◆ AIM OF THE TASK ◆
The complete listing goes into the output exactly, without its pictures.

◆ INFORMATION GIVEN ◆
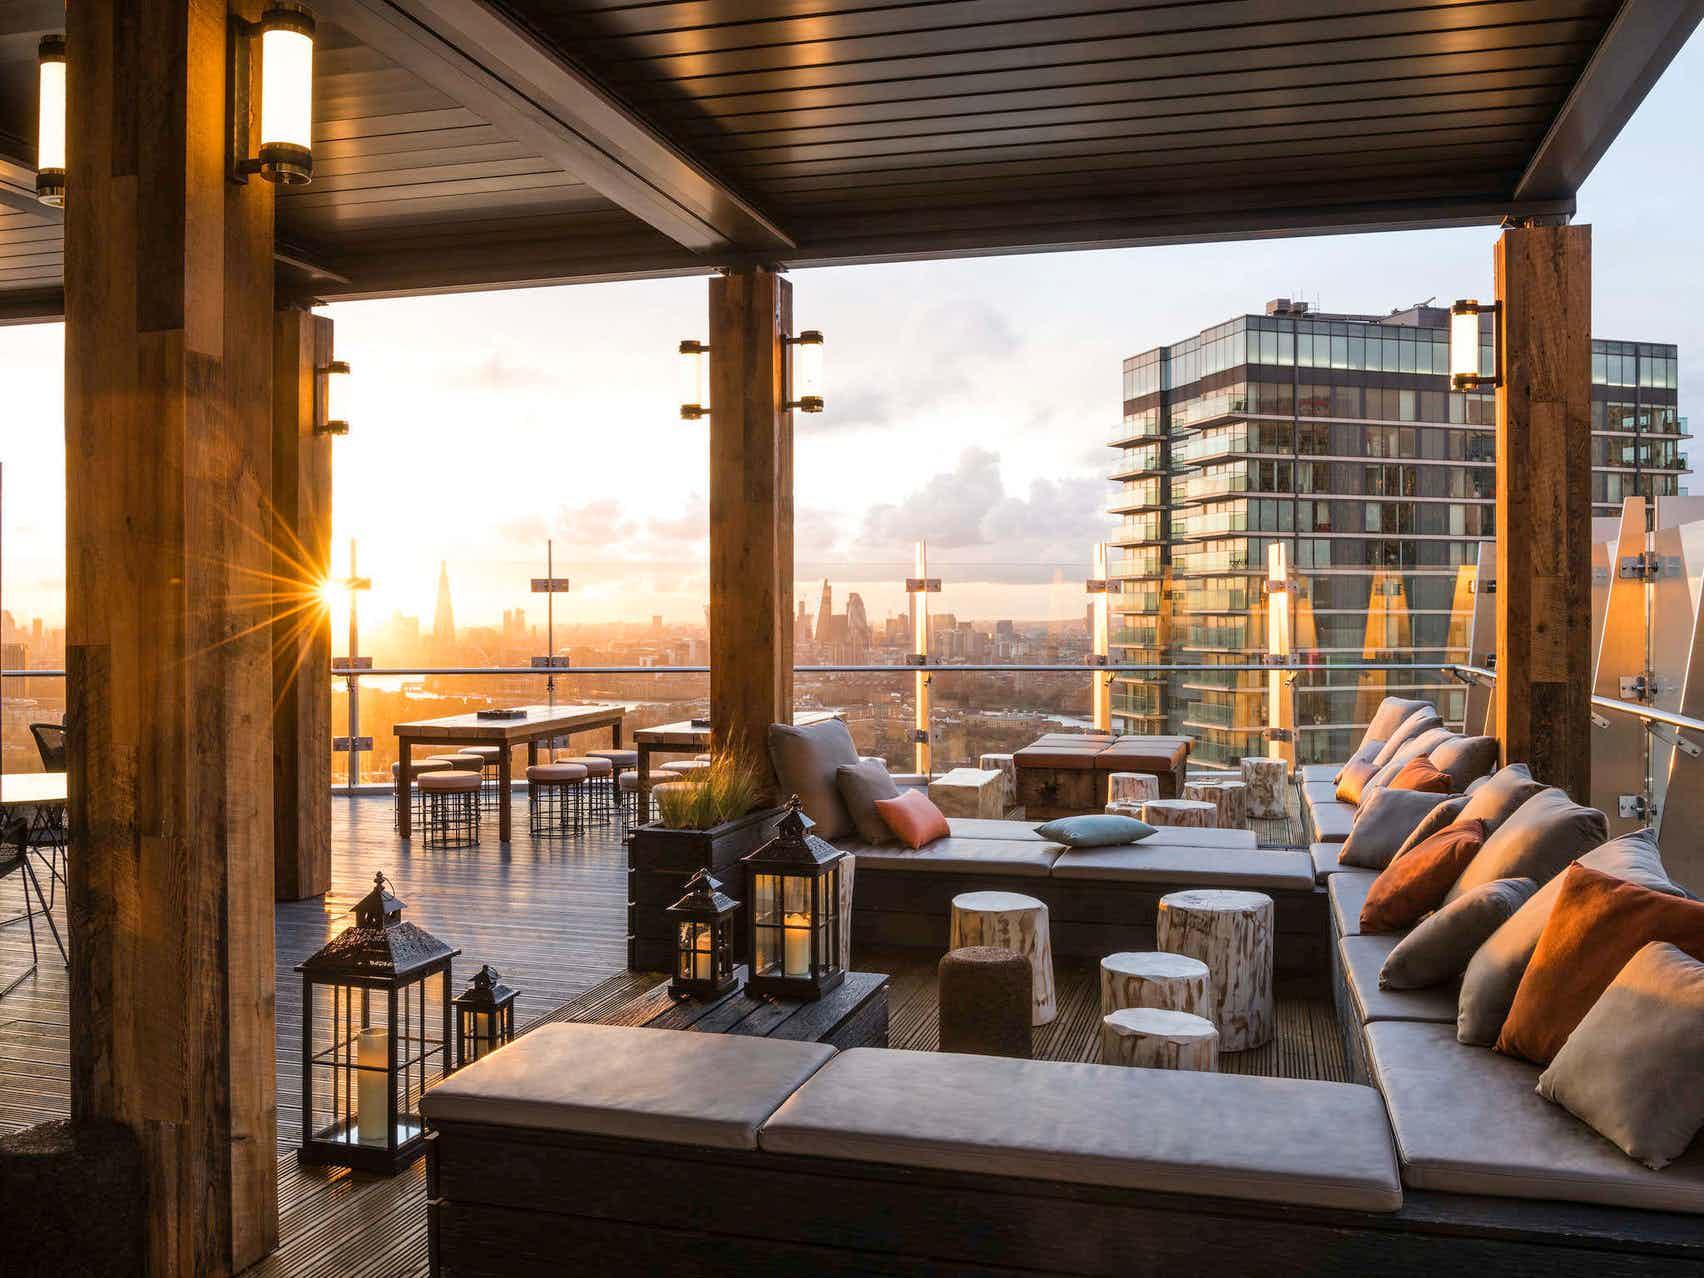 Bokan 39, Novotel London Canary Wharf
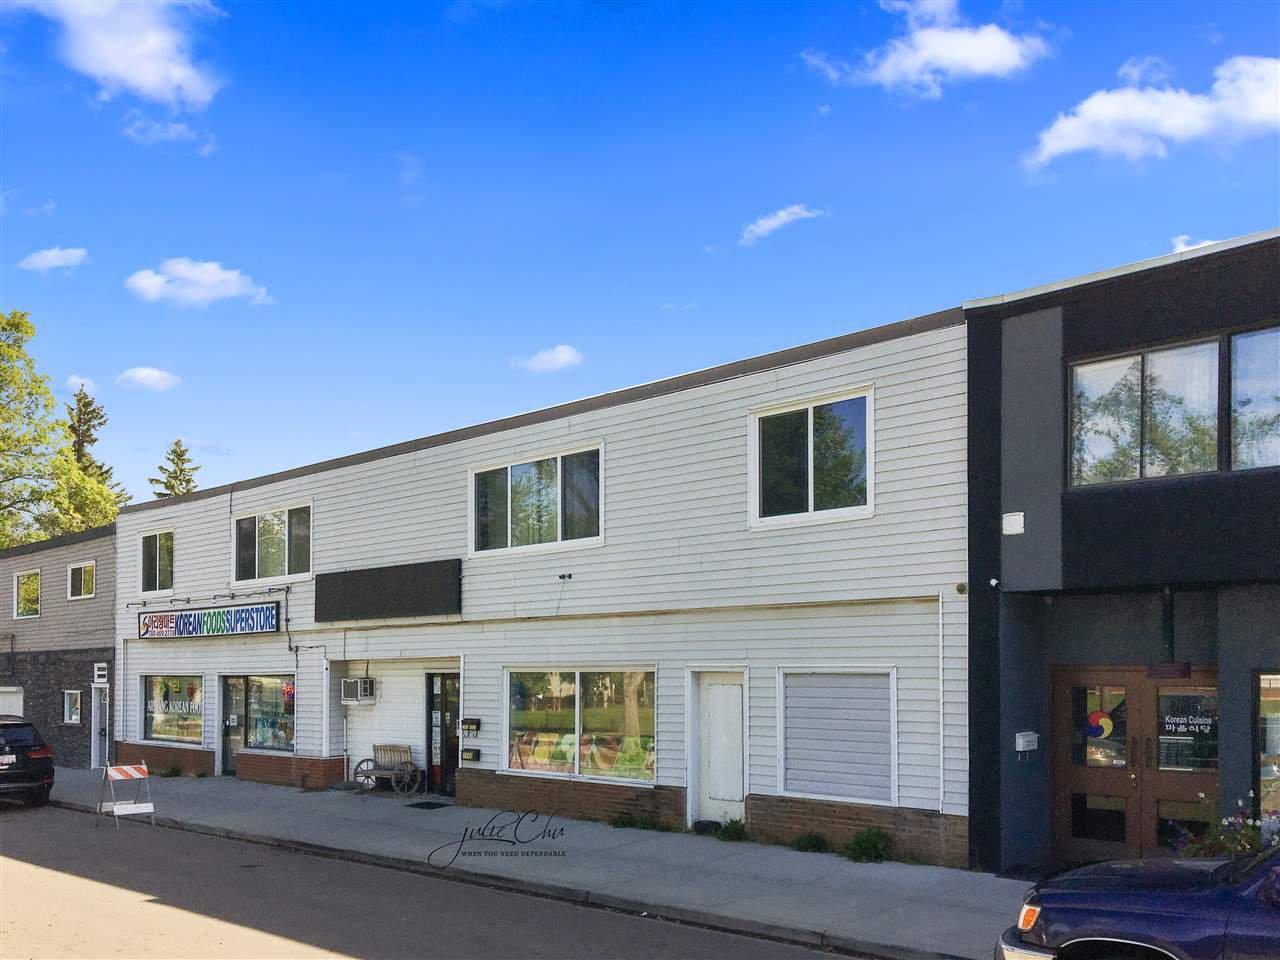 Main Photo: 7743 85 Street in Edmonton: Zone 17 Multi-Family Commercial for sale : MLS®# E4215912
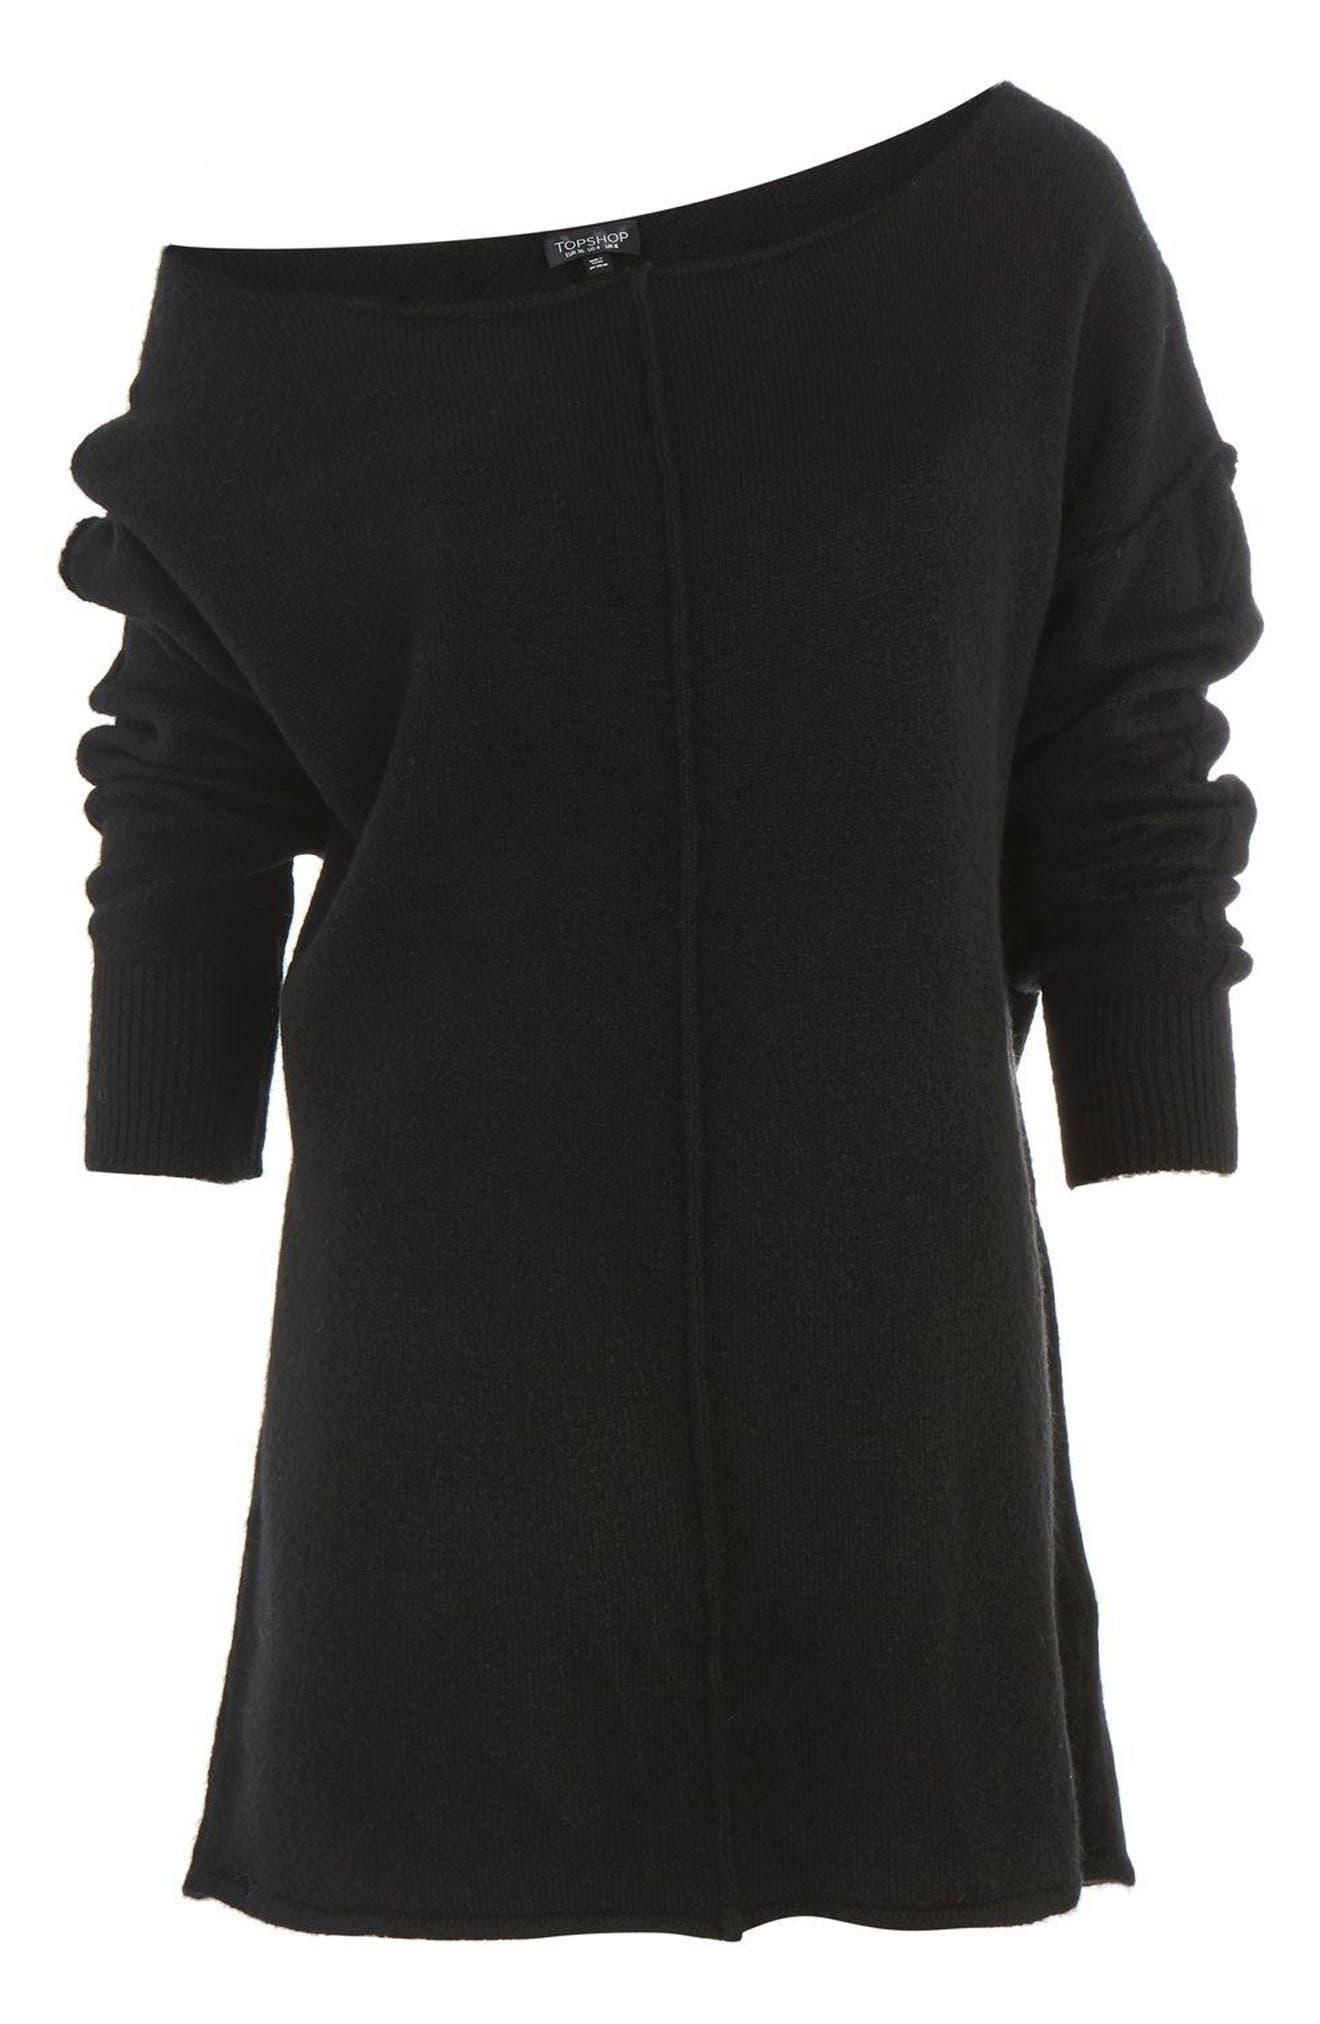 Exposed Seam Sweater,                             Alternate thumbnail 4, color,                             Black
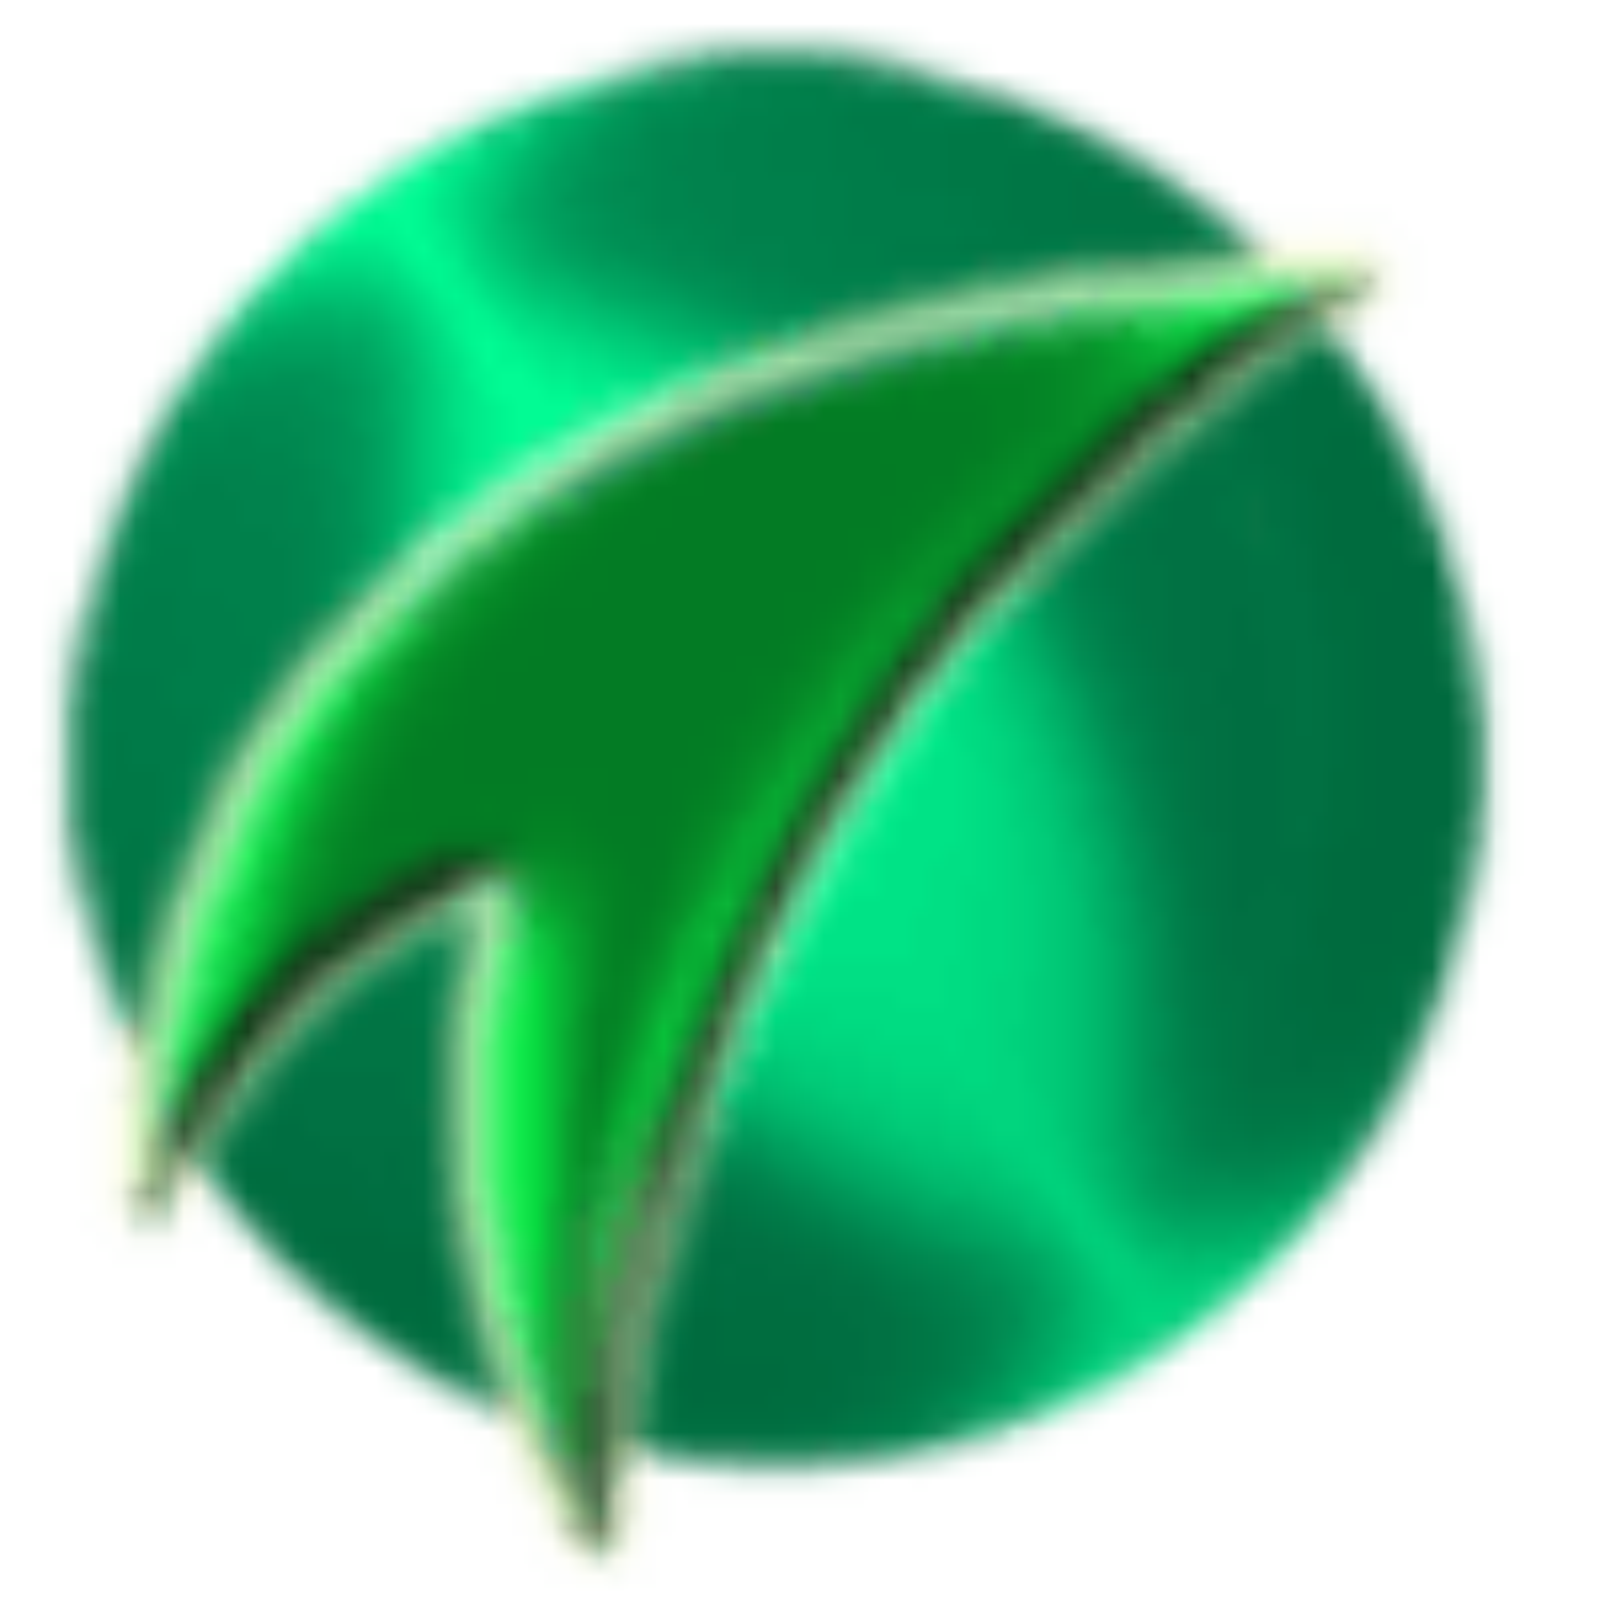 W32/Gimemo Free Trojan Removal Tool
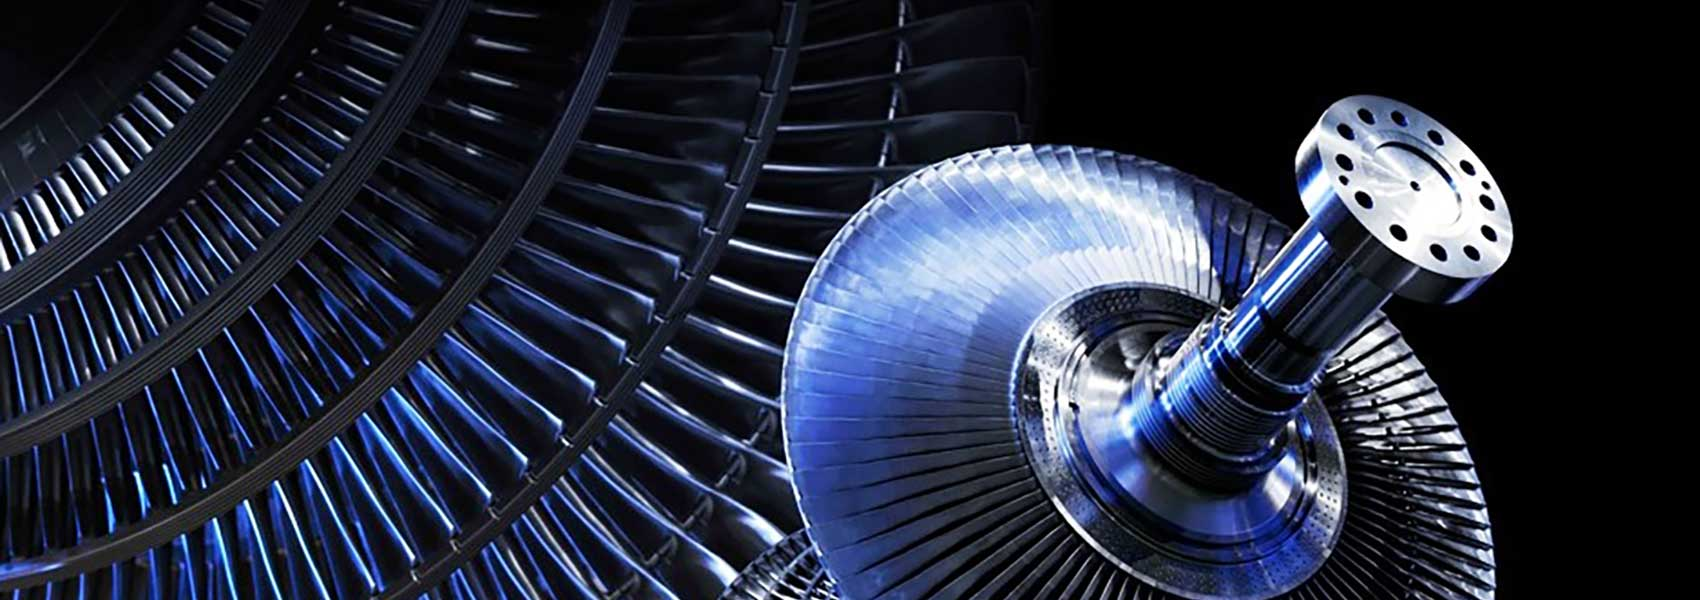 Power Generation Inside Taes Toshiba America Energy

◆ RESPONSE TO THIS EXERCISE ◆
 Bokan 39, Novotel London Canary Wharf
 Main Photo: 7743 85 Street in Edmonton: Zone 17 Multi-Family Commercial for sale : MLS®# E4215912
 Exposed Seam Sweater,                             Alternate thumbnail 4, color,                             Black
 W32/Gimemo Free Trojan Removal Tool
 Power Generation Inside Taes Toshiba America Energy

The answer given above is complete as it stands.